Ziele Kriegswirtschaft
#31
Rüstung: Wie die französische Industrie mobilisiert wird
http://www.air-defense.net/forum/topic/2...nt=1717318
Jean-Michel Bezat, Véronique Malécot

Veröffentlicht heute um 05:42 Uhr

Entschlüsselung|Aufgeweckt durch den Konflikt in der Ukraine, erwacht die Verteidigungsindustrie überall im Land aus ihrem Dornröschenschlaf. Sie wird von 4.000 Unternehmen und einem Dutzend Großkonzernen getragen und wird nun durch die Anordnungen und Aufträge der Exekutive stimuliert. Eine Tour de France der neuen französischen Kriegswirtschaft.

"Kriegswirtschaft"! Der Ausdruck war seit dem Konflikt von 1914-1918 verschwunden, als die Nation mobilisiert wurde - einschließlich der Frauen in den Fabriken -, um die Armeen zu versorgen, die sich in einer totalen Konfrontation mit Deutschland befanden. Emmanuel Macron brachte ihn im Juni 2022 auf der Landrüstungsmesse Eurosatory wieder ins Gespräch, fast vier Monate nach der russischen Invasion in der Ukraine. Der Staatschef sagte: "Eine Wirtschaft, in der man schneller sein muss, in der man anders über Rhythmen, Lastaufstiege und Margen nachdenken muss", um die für Frankreich und seine Verbündeten unerlässlichen Ausrüstungen herzustellen.

Zwei Jahre nach der Aufforderung des Präsidenten kann man nicht unbedingt von einer "Kriegswirtschaft" sprechen, die sich in einer allgemeinen Mobilisierung des Produktionsapparats, der Requirierung von Arbeitskräften und einer erheblichen Umverteilung des Staatshaushalts zugunsten der Streitkräfte äußert. Gemessen an diesem Maßstab sind nur Russland und die Ukraine seit 2022 und Israel nach dem Terroranschlag vom 7. Oktober 2023 in eine Kriegswirtschaft eingetreten, analysiert Sylvain Bersinger, Chefökonom von Asterès, in einer Ende März veröffentlichten Notiz.

Wiedererlangung verlorener Souveränität

"Wir sind auf dem Weg, uns dauerhaft in einem geopolitischen Wandel einzurichten, in dem die Verteidigungsindustrie eine immer größere Rolle spielen wird. Wir müssen schnell, stark und massiv vorgehen", betonte Macron am 11. April, als er den Grundstein für eine Erweiterung des Eurenco-Werks in Bergerac (Dordogne) legte. Die neue Anlage des staatlichen Konzerns ist ein Symbol für die Verlagerung der Produktion von Pulver für die Artillerie, das in Schweden, Deutschland und Italien gelagert wird.
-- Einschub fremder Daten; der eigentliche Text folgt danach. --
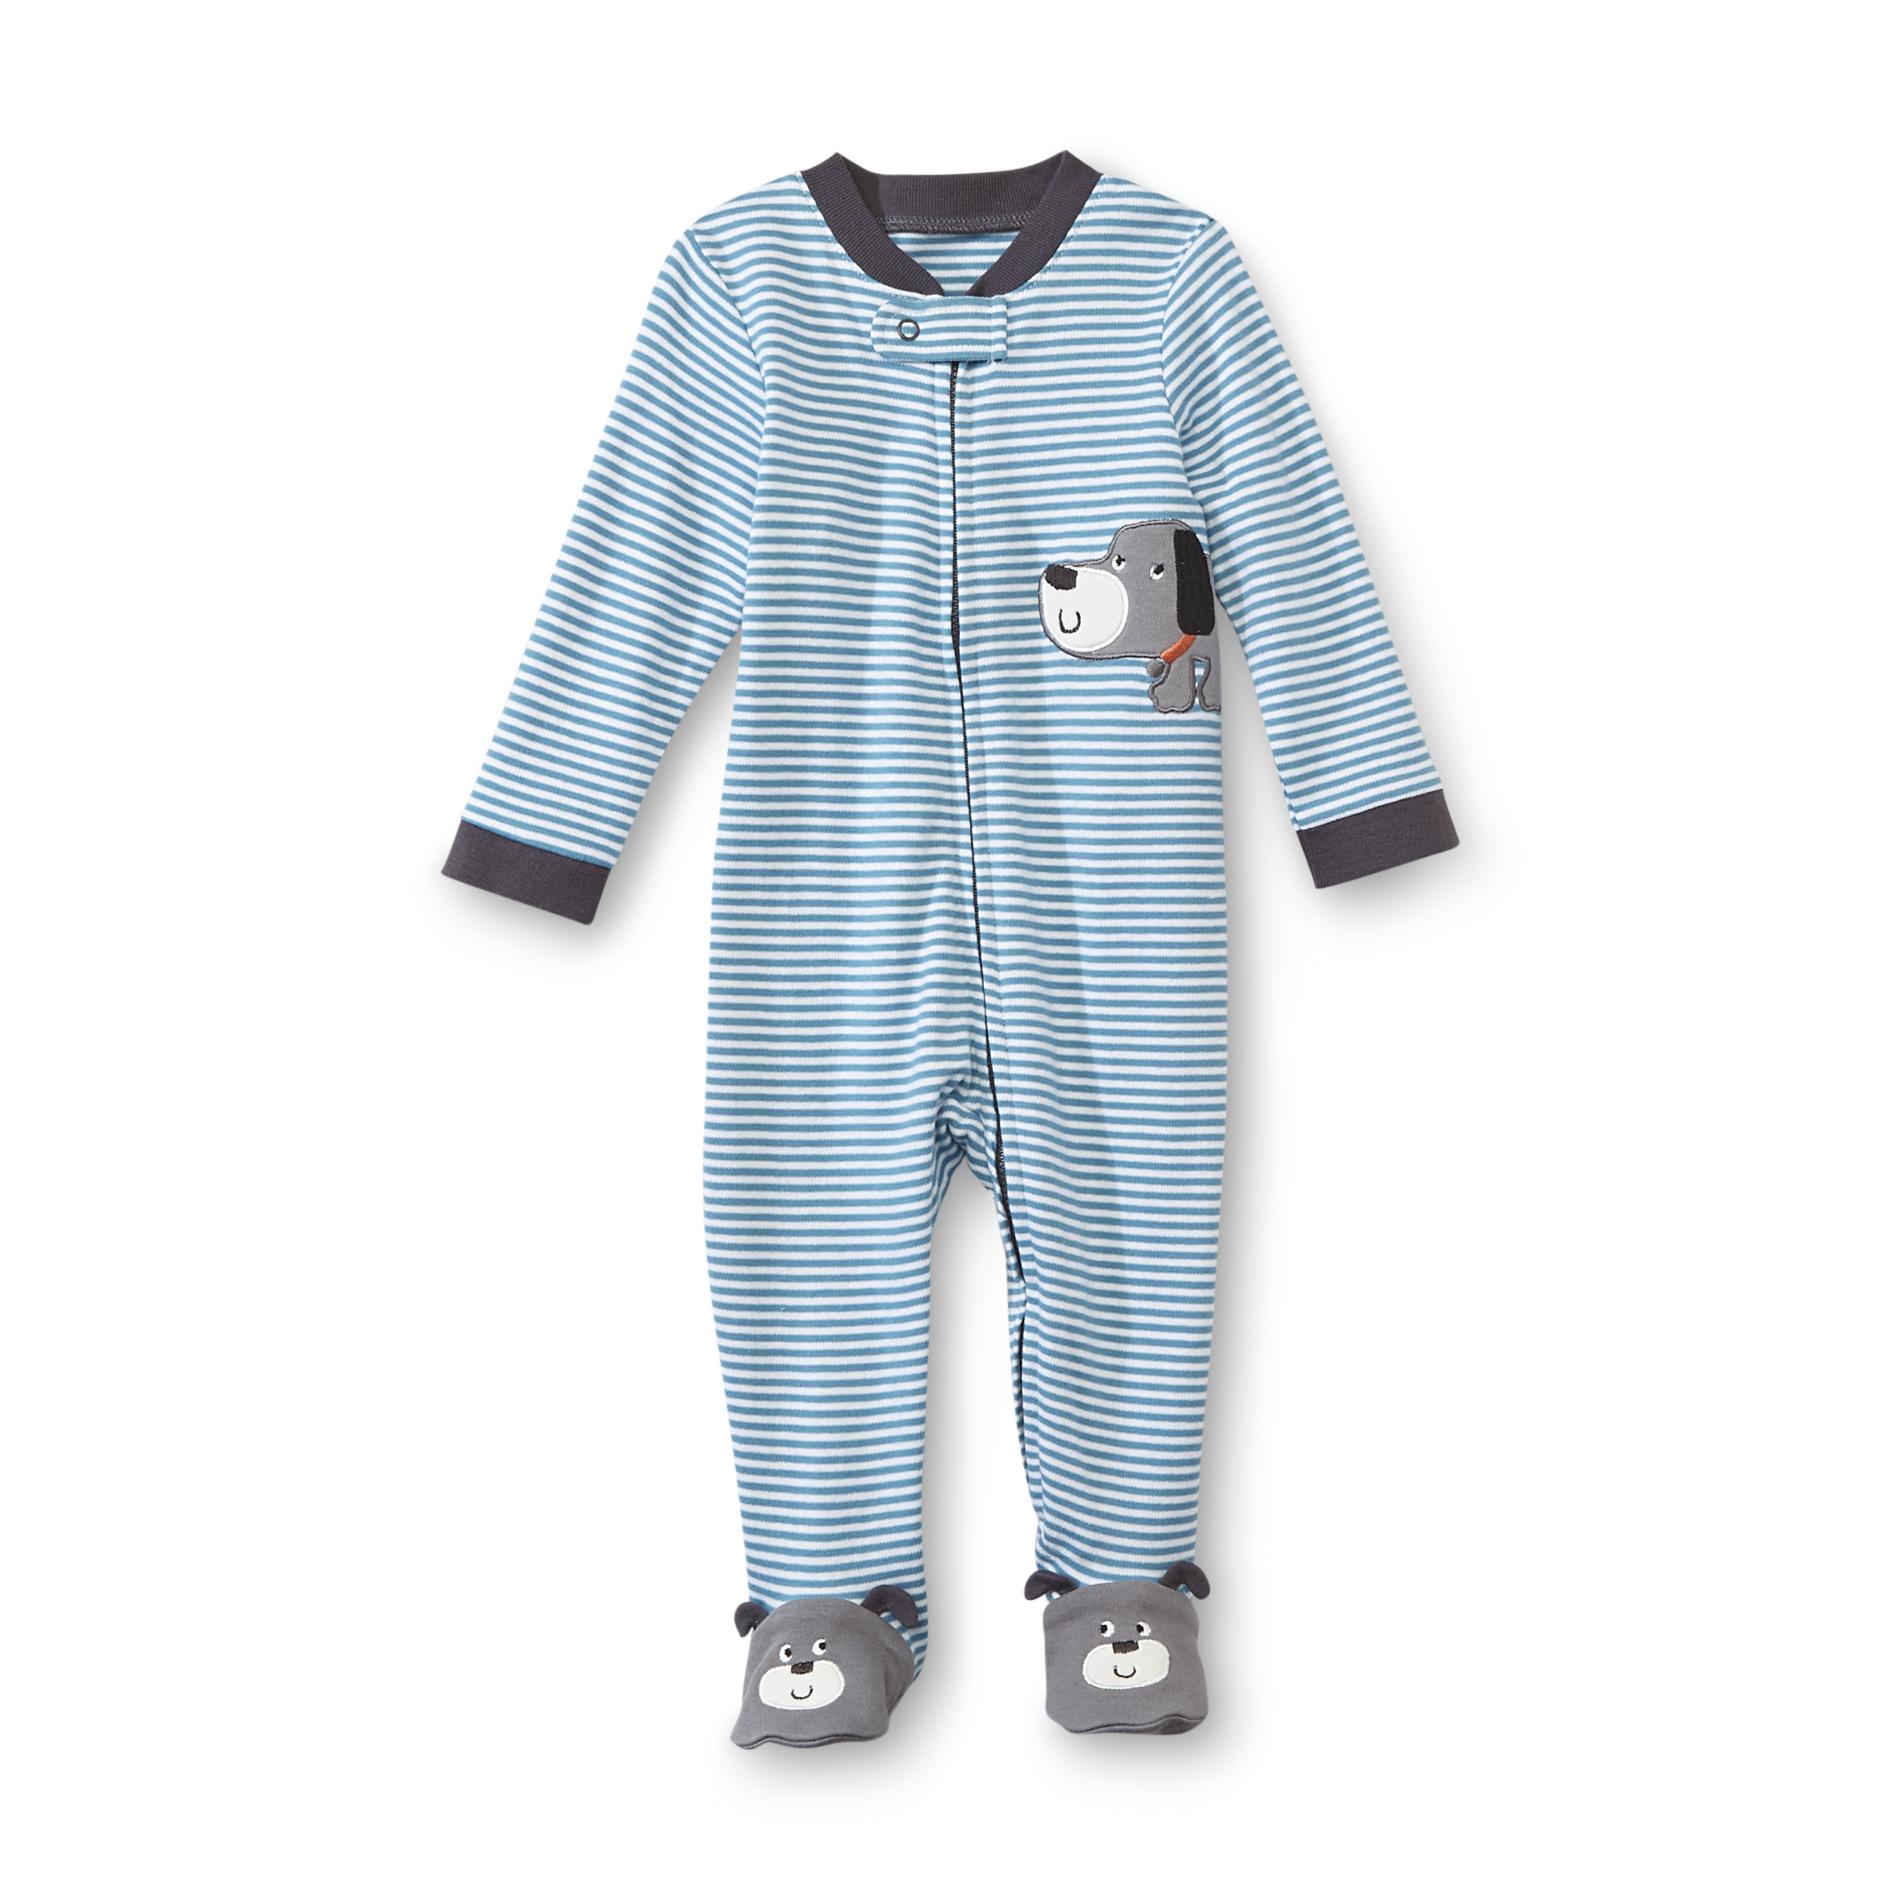 Small Wonders Newborn Boy's Striped Sleeper Pajamas - Dog

Der Fall von Eurenco, dem europäischen Marktführer für Pulver und Sprengstoffe - Materialien, die knapp sind -, veranschauliche, so Macron, die Fähigkeit eines Unternehmens, im Kriegswirtschaftsmodus zu arbeiten und verlorene Souveränität zurückzugewinnen. Der Standort wird 2025, weniger als zwei Jahre nach der Ankündigung der Standortverlagerung, die Produktion aufnehmen.

"Eine Leistung", so sein Chef Thierry Francou, der daran erinnert, dass es normalerweise vier bis fünf Jahre dauert. Von 200 Beschäftigten im Jahr 2022 wird das Unternehmen bis 2025 auf 450 Beschäftigte anwachsen und plant eine Gesamtinvestition von 500 Millionen Euro, von denen die Hälfte im Hexagon investiert werden soll. Im Elysée-Palast heißt es, der Staat unterstütze rund zwanzig Projekte zur Standortverlagerung.
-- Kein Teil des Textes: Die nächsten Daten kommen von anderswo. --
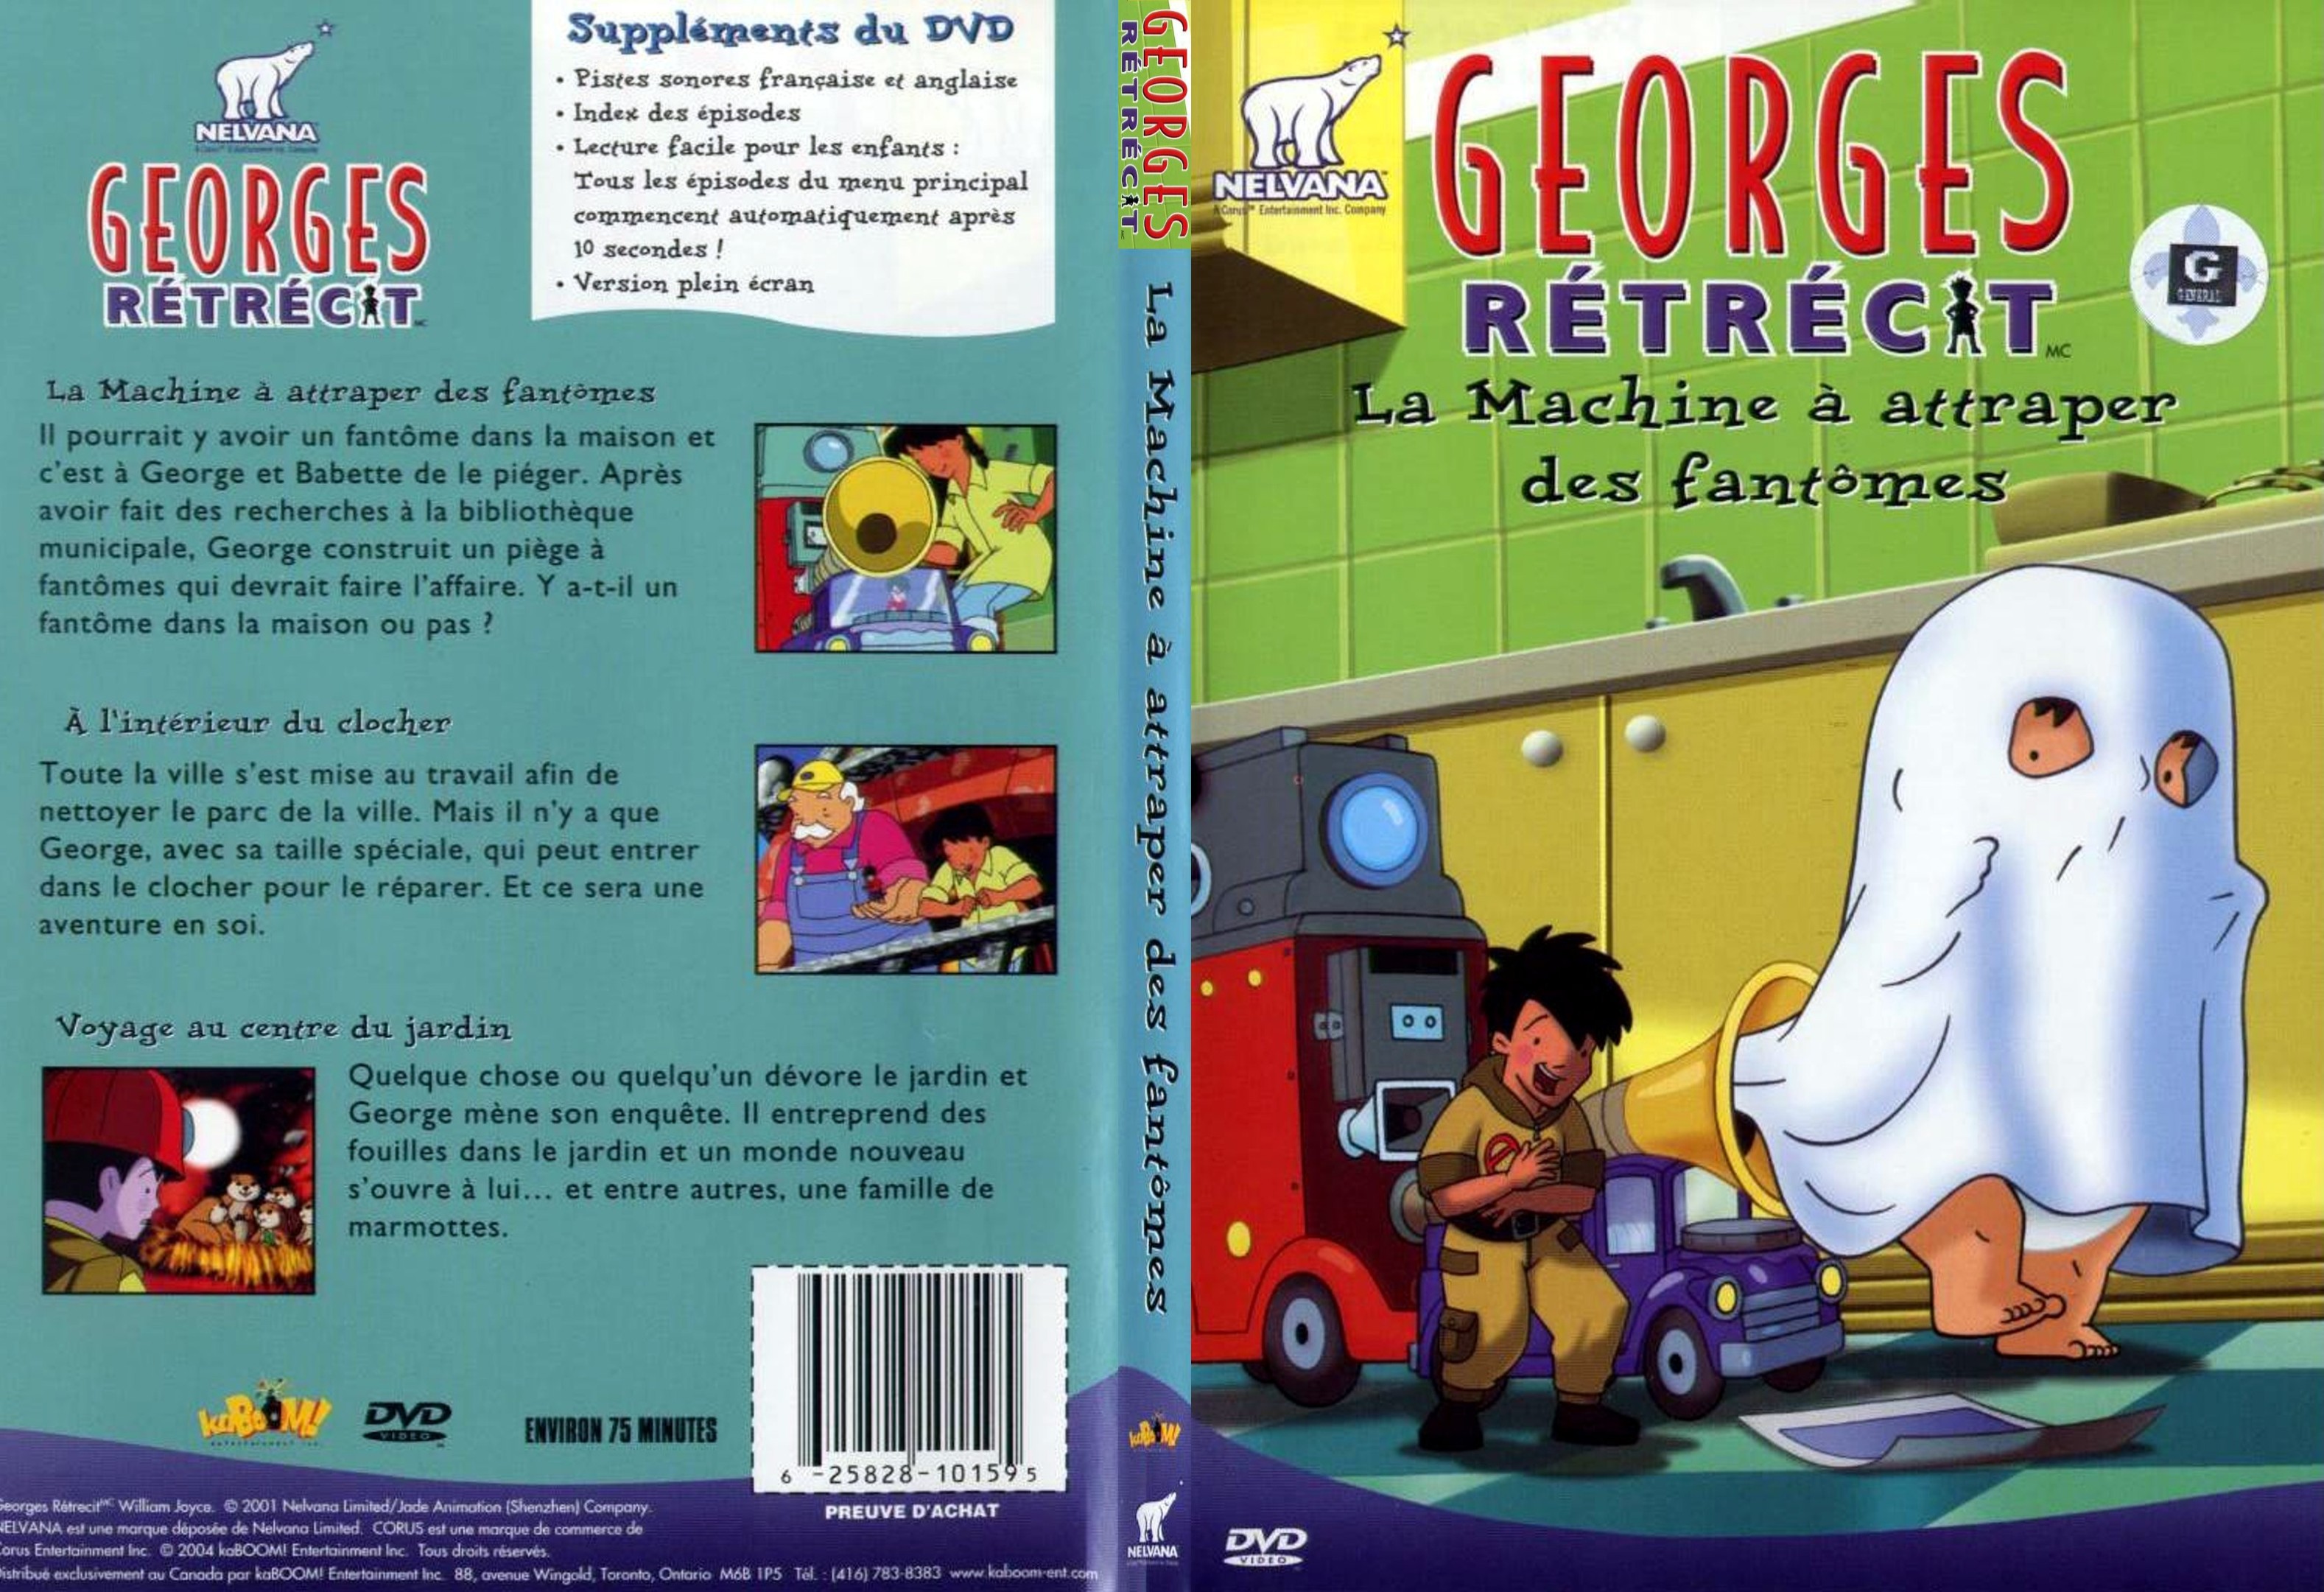 Jaquette DVD Georges Retrecit - La machine  attraper des fantmes - SLIM

Am selben Tag freute sich der Geschäftsführer des Eurenco-Partners Aresia (ehemals Rafaut) in Bergerac über die Bestellung von Hunderten von 250-Kilo-Bombenkörpern für den Export. Das Unternehmen habe eine neue Produktionslinie finanziert, aber es habe die Unterstützung des Armeeministeriums erhalten, um die Qualifizierung dieser Bombenkörper zu beschleunigen, so der Geschäftsführer Bruno Berthet. Vor diesem Hintergrund sind die Misserfolge von Forges de Tarbes (Europlasma-Gruppe) schwer zu erklären, das Schwierigkeiten hat, in die Herstellung von 155-Millimeter-Granatenkörpern zu investieren, die von den Caesar-Kanonen von KNDS Nexter Systems geschossen werden.

Eine gelobte Reaktionsfähigkeit

Der deutsch-französische Konzern, der von der Regierung als Vorbild genannt wird, hat dieser selbstfahrenden Kanone, die an die Ukraine geliefert wird, Priorität eingeräumt, da die gepanzerten Fahrzeuge auf Rädern Jaguar, Griffon und Serval weniger vorrangig sind. Ihre Produktionszeit wurde von 30 auf 15 Monate verkürzt und die monatliche Produktionsrate von zwei-vier auf sechs erhöht, mit der Möglichkeit, auf acht zu erhöhen. Nach rund 40 Stück müssen noch über 70 Stück an die Ukrainer geliefert werden. Darüber hinaus soll die Jahresproduktion von sechzigtausend Geschossen bei KNDS bis 2024 um 50 % gesteigert und bis 2025 verdoppelt werden.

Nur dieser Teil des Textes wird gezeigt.